(What needs to be done) Your answer must be only the lines below from the one containing "A stack of three" through the one containing "Back view of", copied exactly, with the pictures left out.

(The input)
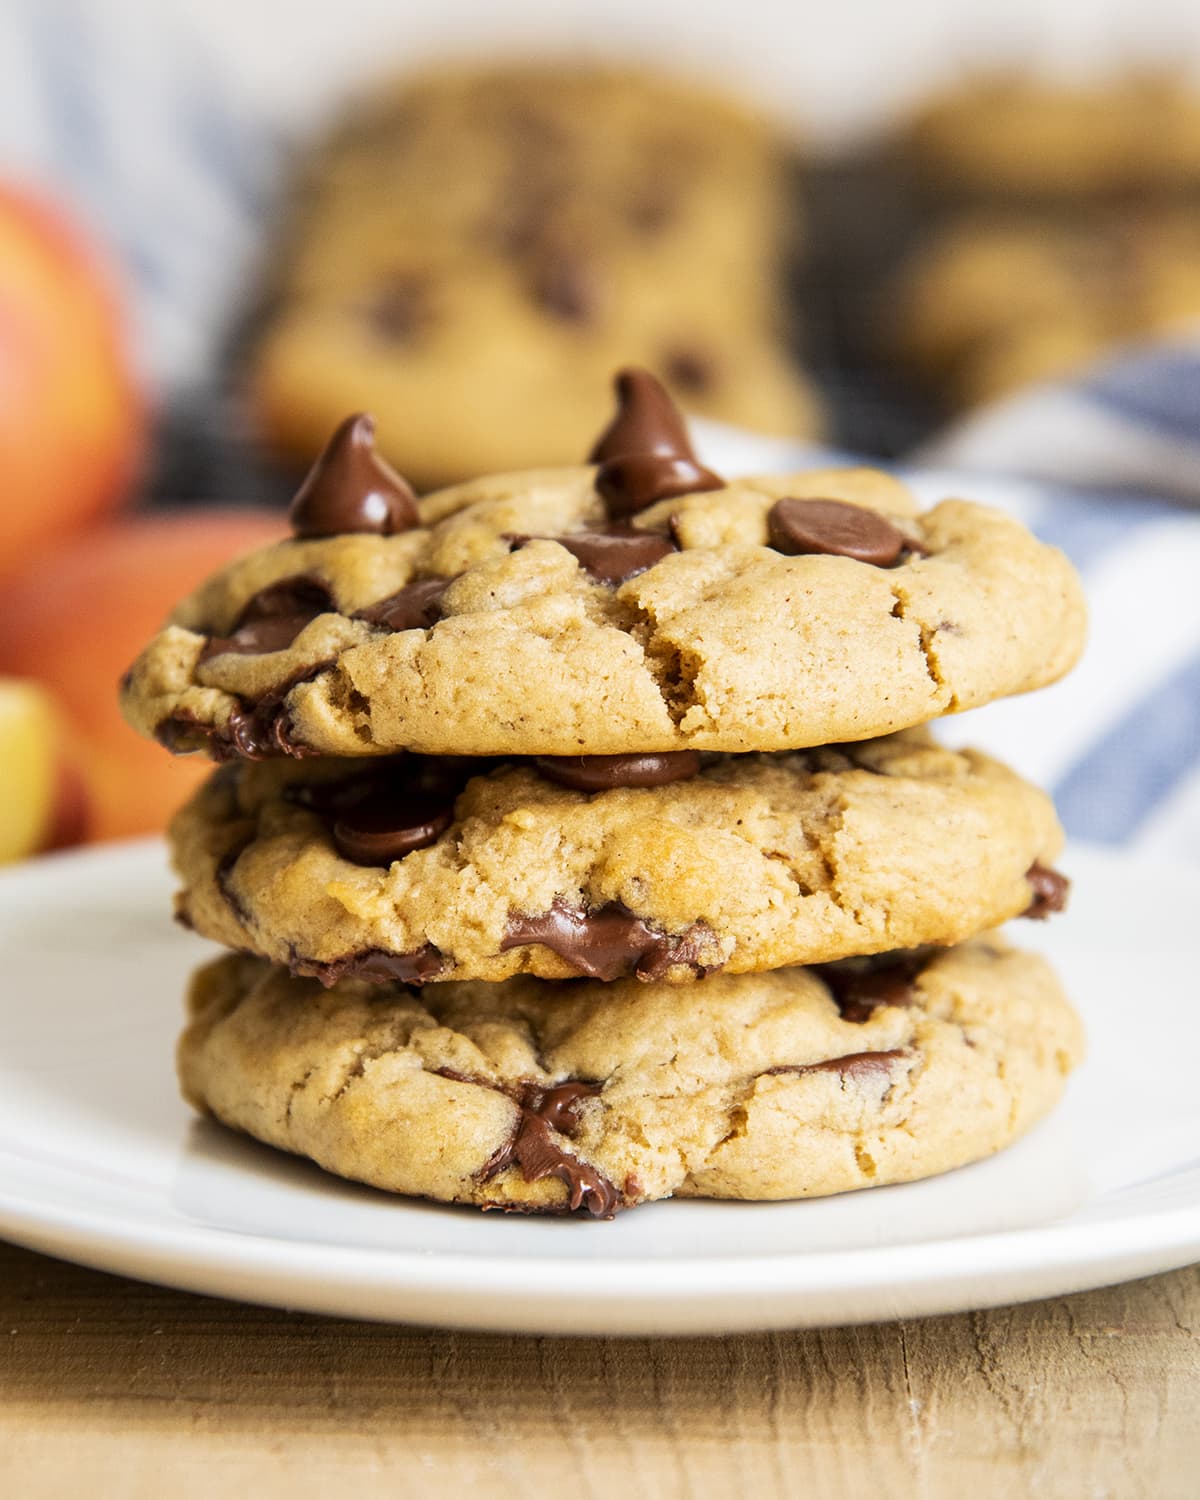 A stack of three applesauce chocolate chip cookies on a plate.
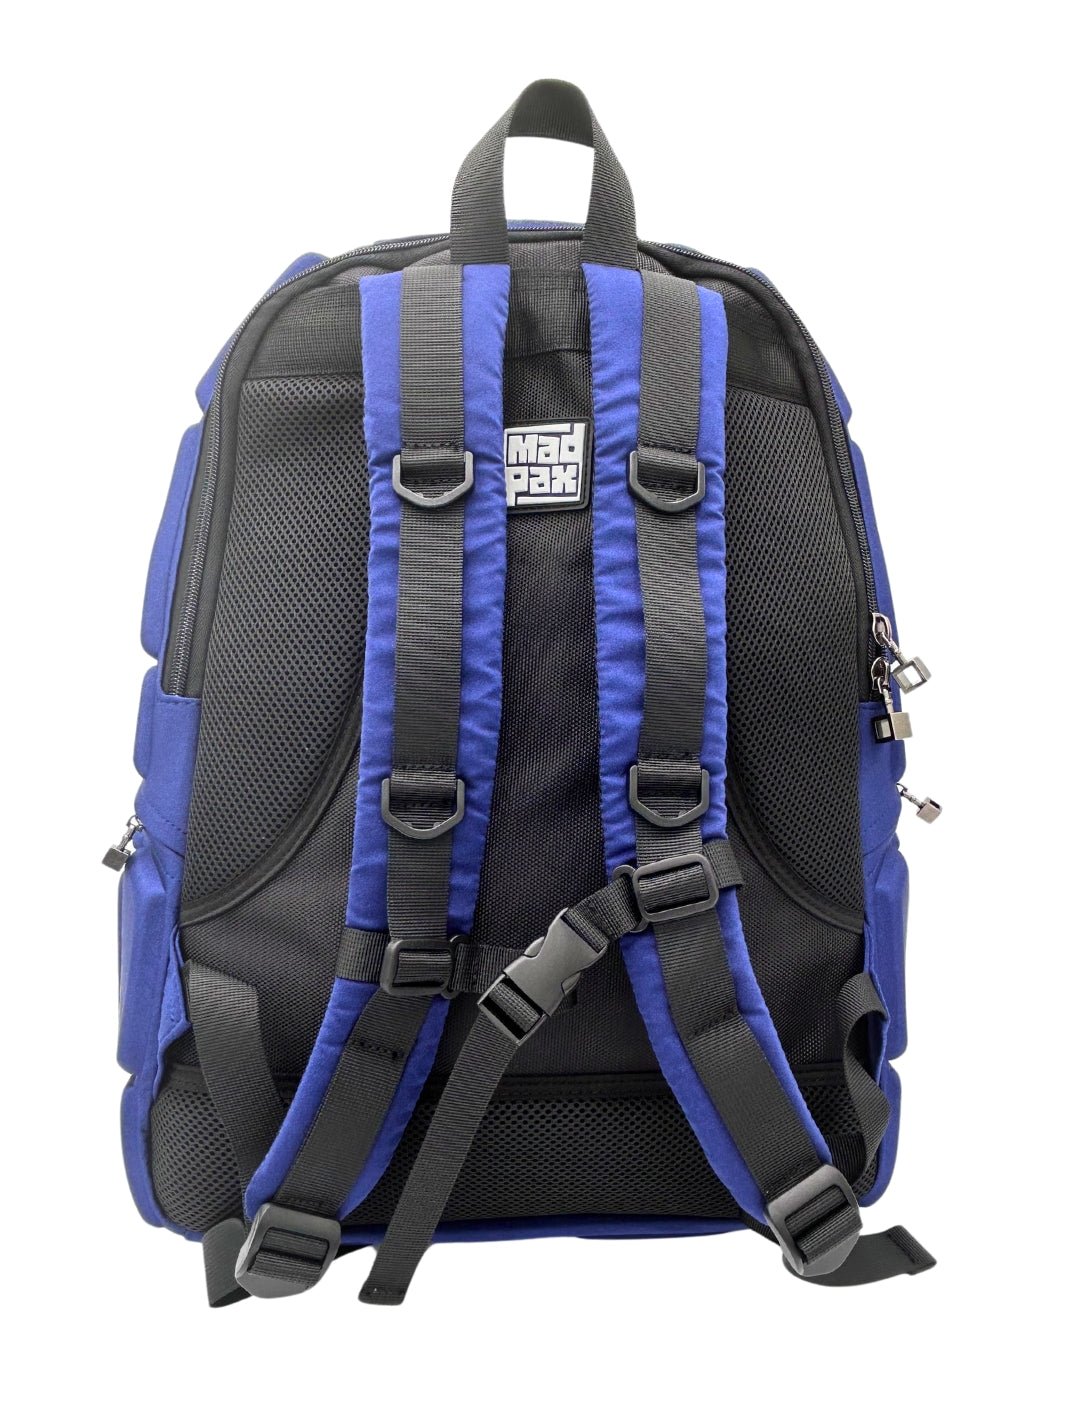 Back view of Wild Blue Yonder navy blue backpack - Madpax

---

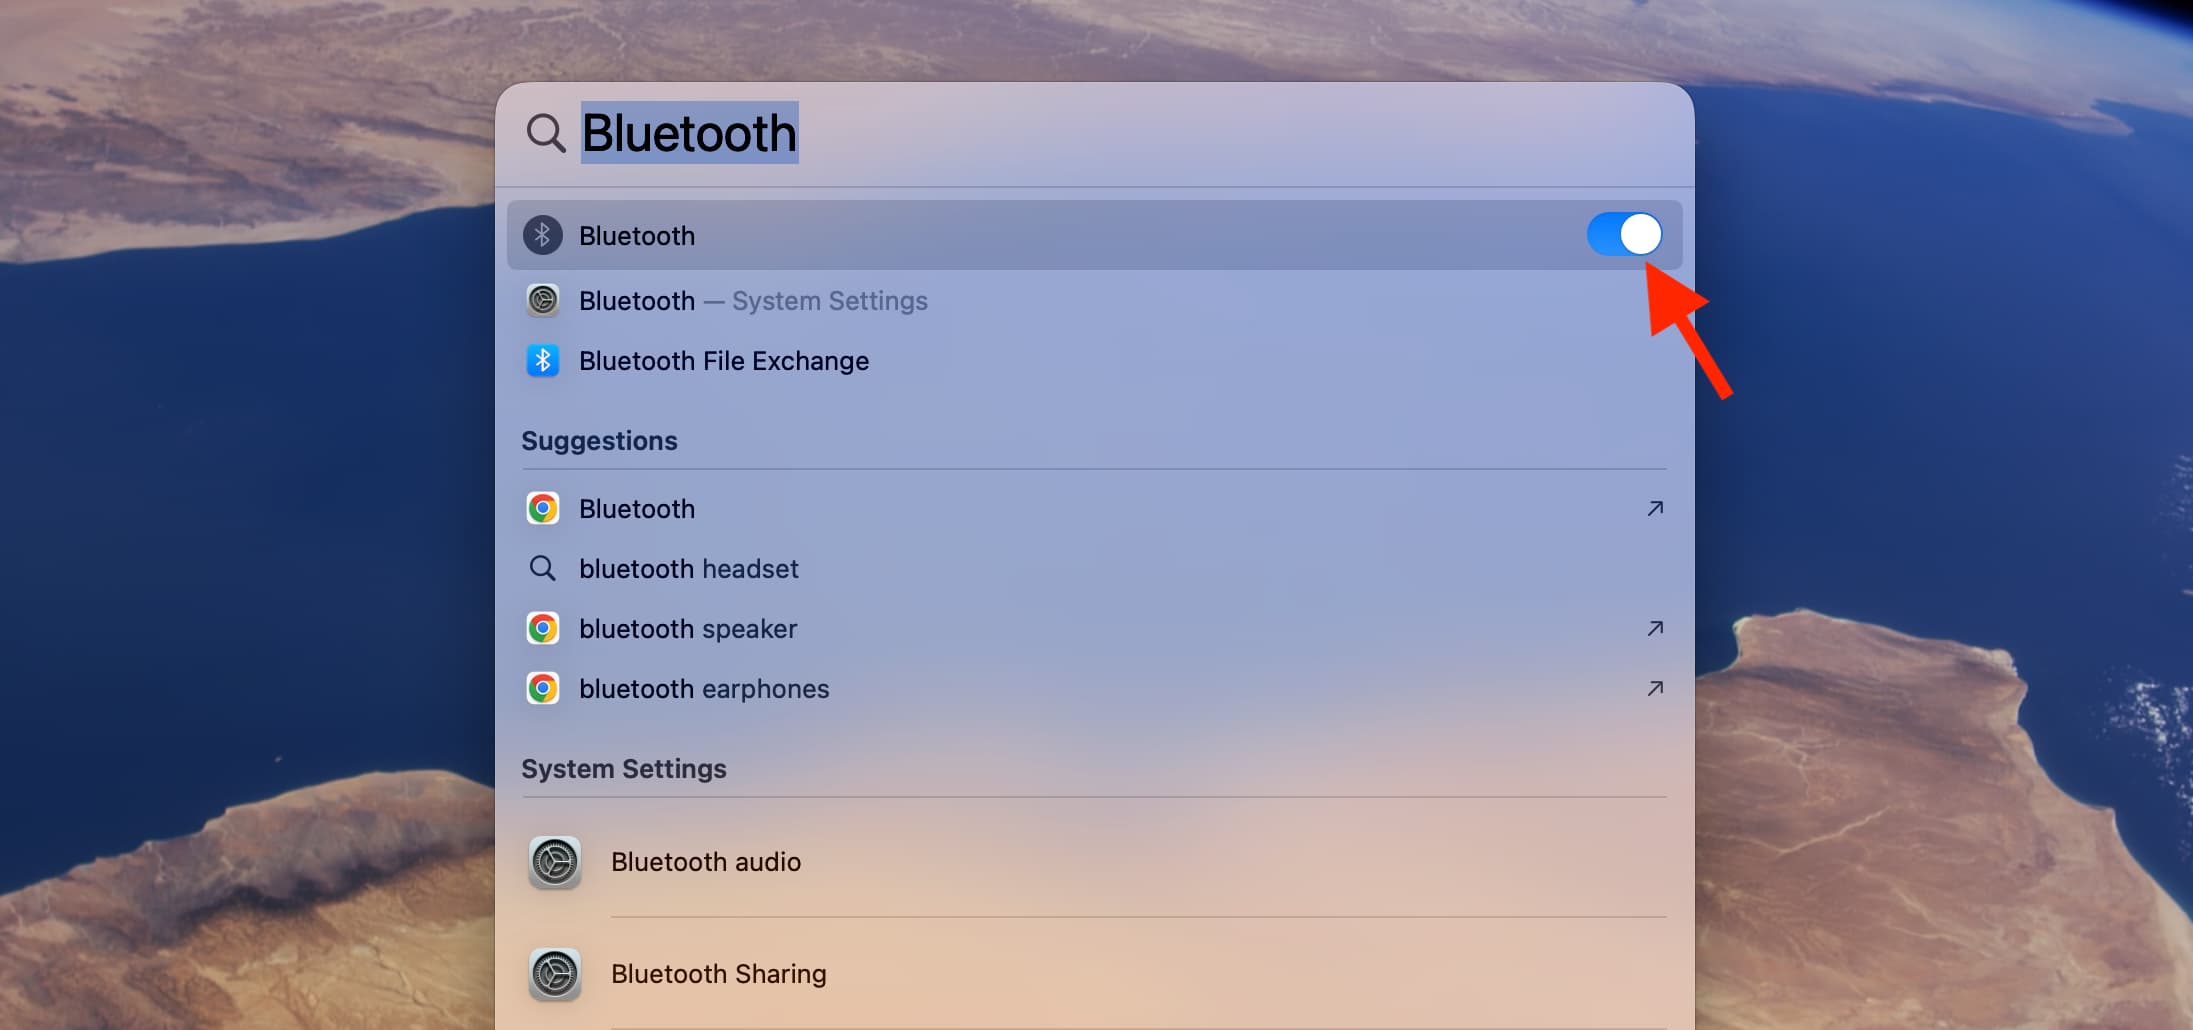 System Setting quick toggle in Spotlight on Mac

...

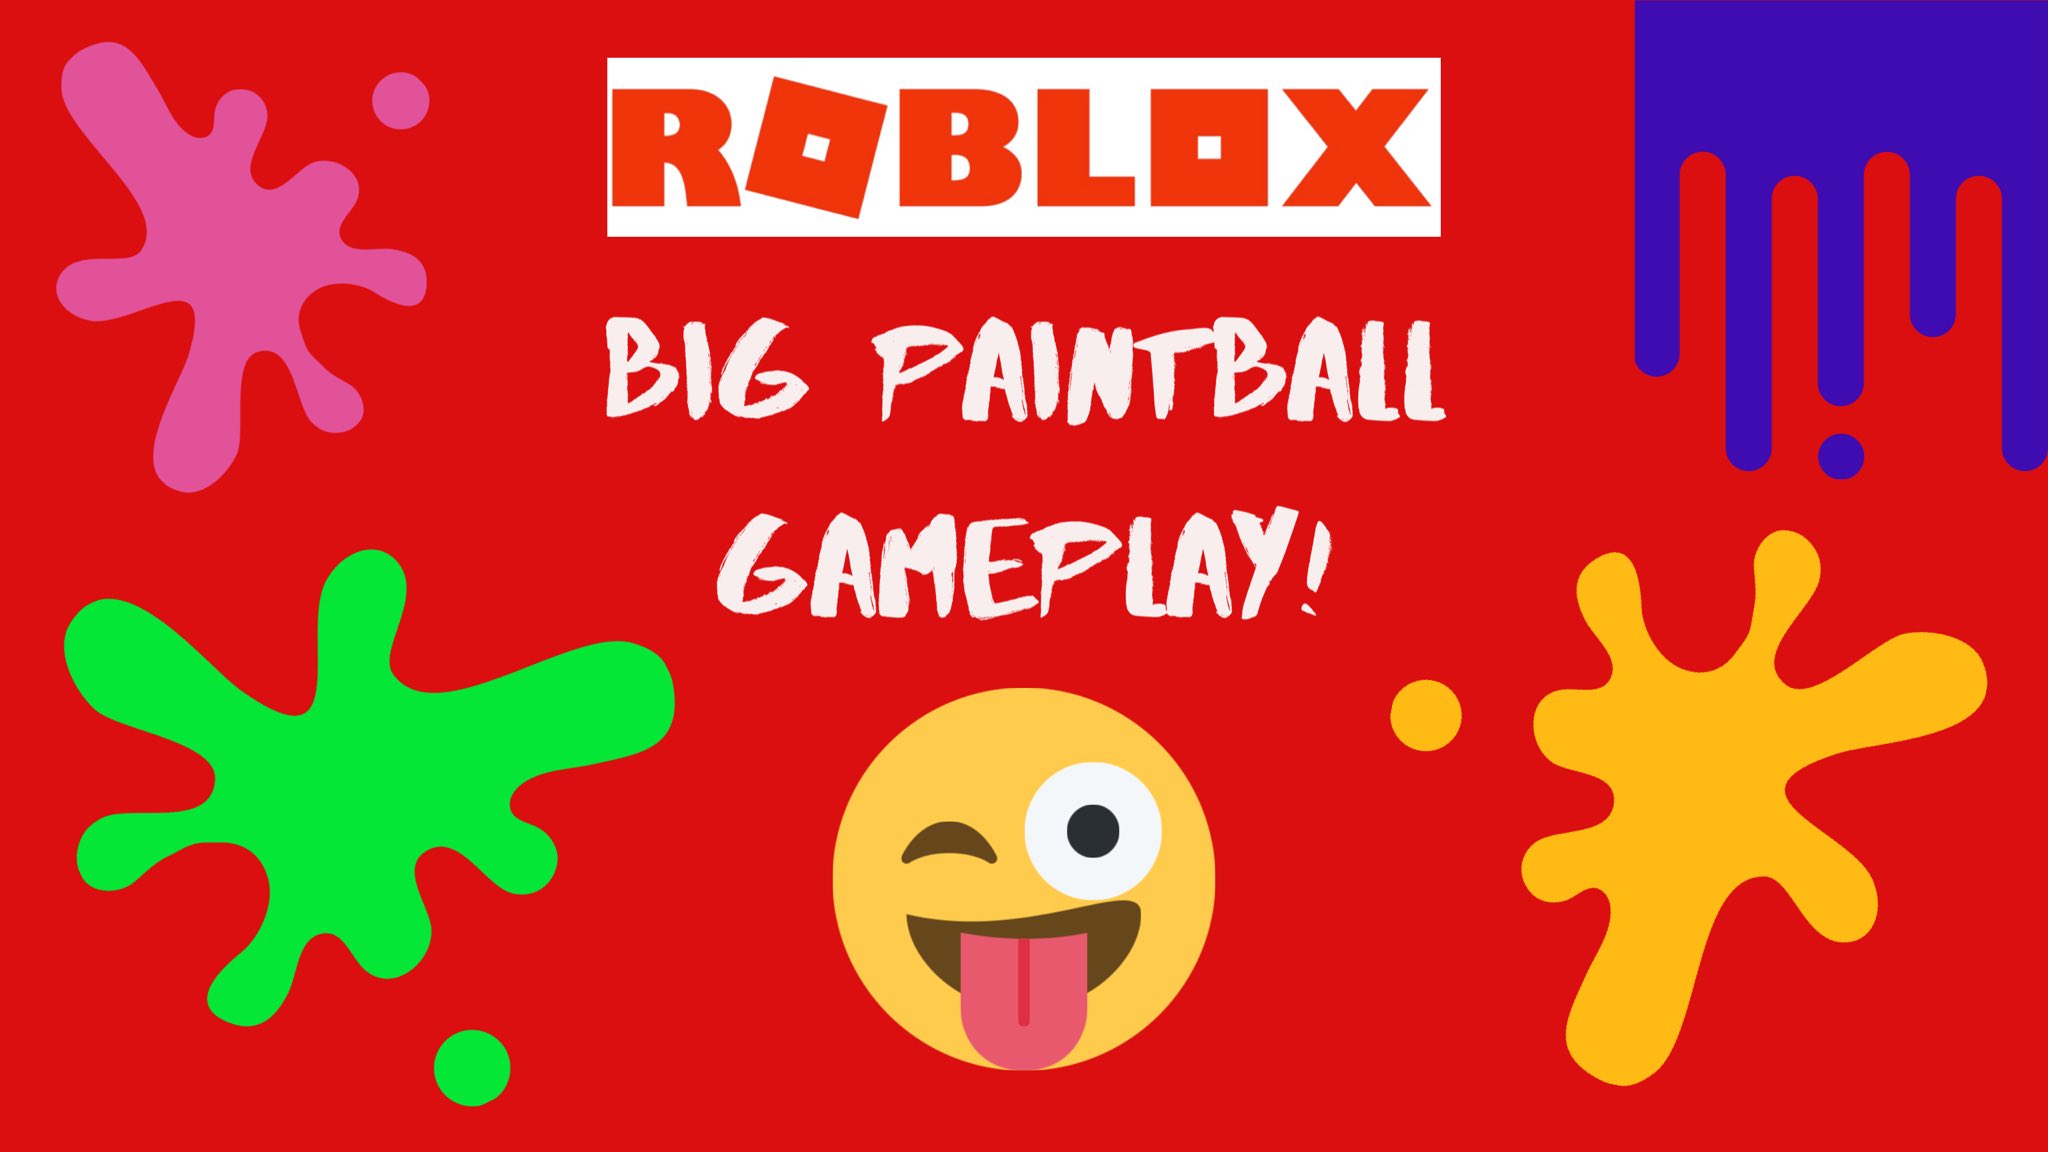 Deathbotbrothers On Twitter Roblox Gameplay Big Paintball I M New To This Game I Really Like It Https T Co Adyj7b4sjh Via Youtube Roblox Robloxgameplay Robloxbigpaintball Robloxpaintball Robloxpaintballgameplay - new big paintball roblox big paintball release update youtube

(Reply to the task)
 A stack of three applesauce chocolate chip cookies on a plate.
 Back view of Wild Blue Yonder navy blue backpack - Madpax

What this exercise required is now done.